ПЕРВОЕ ИСПЫТАНИЕ ДЖОНА БРЕЙНТРИ

Человек, прозванный Мартышкой, быстро шел по шелестящей траве к одинокому памятнику или, верней, обломку, торчащему посреди лужайки. Собственно, это был большой кусок, отвалившийся от готических ворот старого аббатства и водруженный на более современный пьедестал. Быть может, лет сто назад кто-то, в порыве романтизма, подумал, что должное количество мха и лунного света обратят все это со временем в вальтерскоттовский вид. При ближайшем рассмотрении (которого он еще не дождался) в обломке можно было угадать довольно гнусное чудище, глядящее вверх выпученными глазами. Вероятно, то был умирающий дракон, а над ним торчали какие-то столбики, по-видимому – человечьи ноги. Однако Дугласа Мэррела влекла к нему не тоска по старине, а нетерпеливая дама, выманившая его из библиотеки. Шагая через сад, он видел, что Оливия Эшли стоит у каменного изваяния, но не так неподвижна, как оно. Наверное, она одна вообще глядела на этот тщательно вытесанный обломок, хотя и признавала, что он уродлив и загадочен. Однако сейчас она на него не глядела.

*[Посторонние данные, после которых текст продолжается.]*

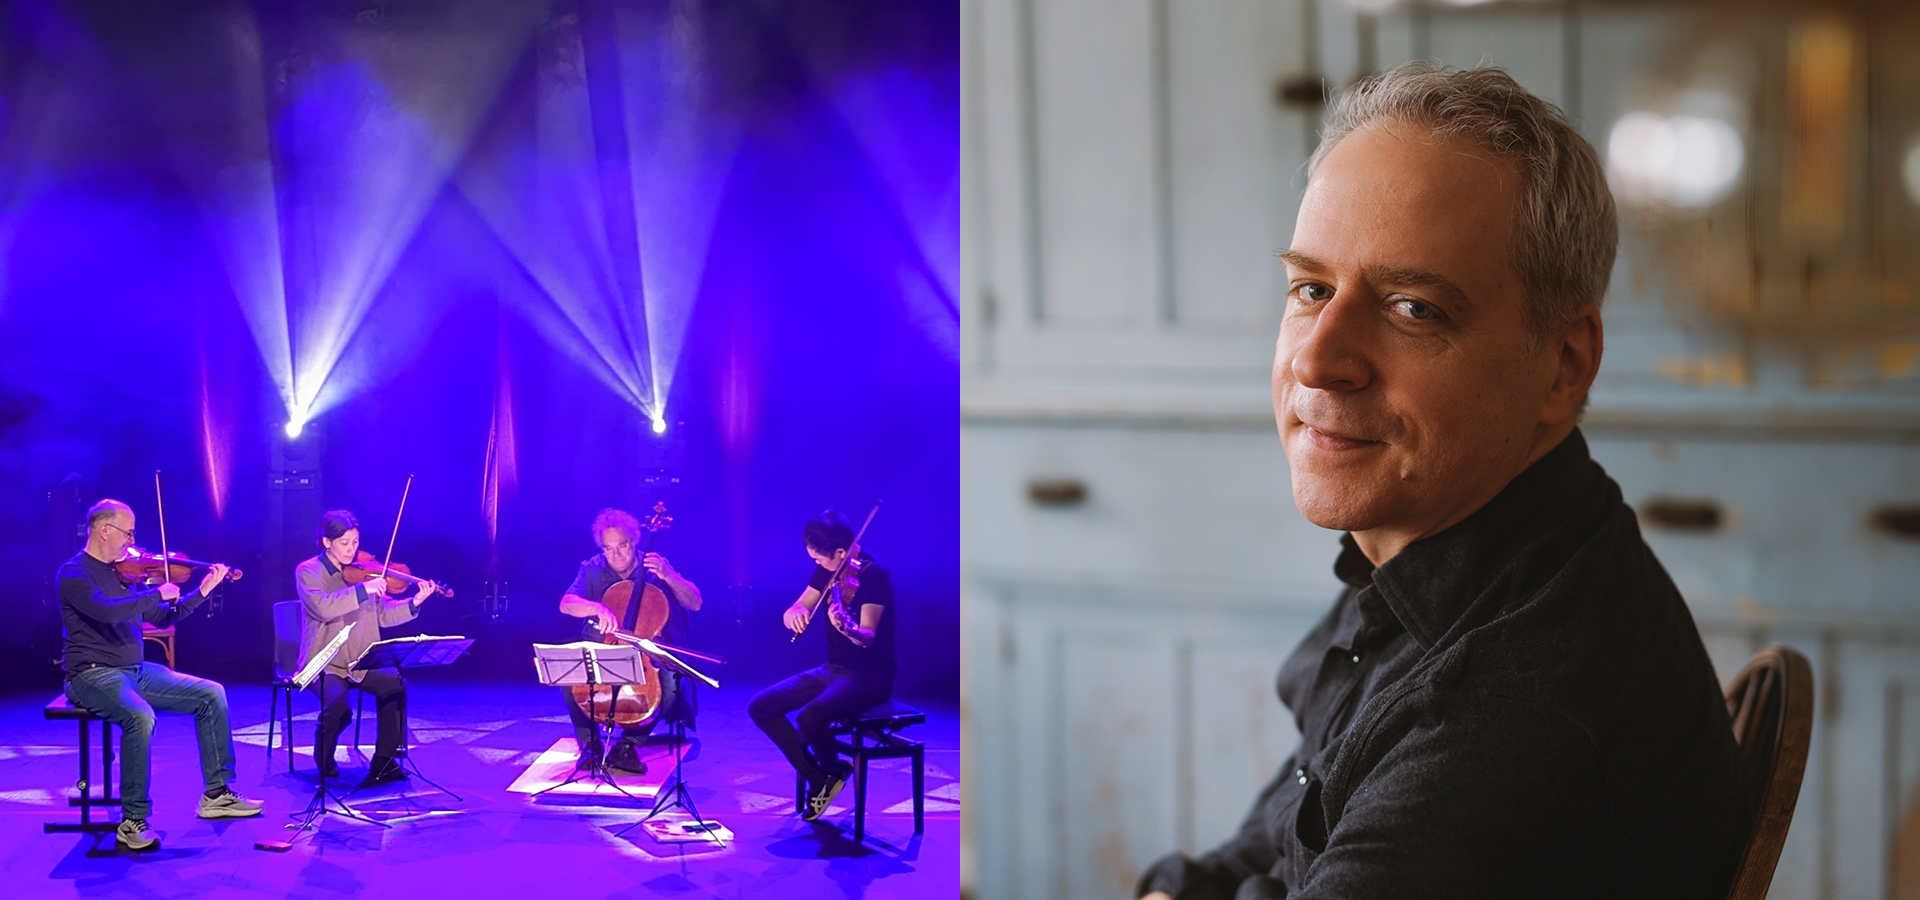 A collage image of the Takacs Quartet performing on a stage illuminated by purple lights on the left side, and a close up of pianist Jeremy Denk on the right side.

– Окажите мне услугу, – быстро сказала она прежде, чем он промолвил слово. И не совсем последовательно прибавила: – Не вижу, в чем тут услуга. Мне это безразлично. Это для других… для общего блага.

– Я понимаю, – серьезно и немного ехидно сказал Мэррел.

– Потом, он ваш друг… ну, этот Брейнтри. – Тон ее снова изменился, она повысила голос. – Все вы виноваты! Это вы его привели.

– А в чем дело? – кротко спросил ее собеседник.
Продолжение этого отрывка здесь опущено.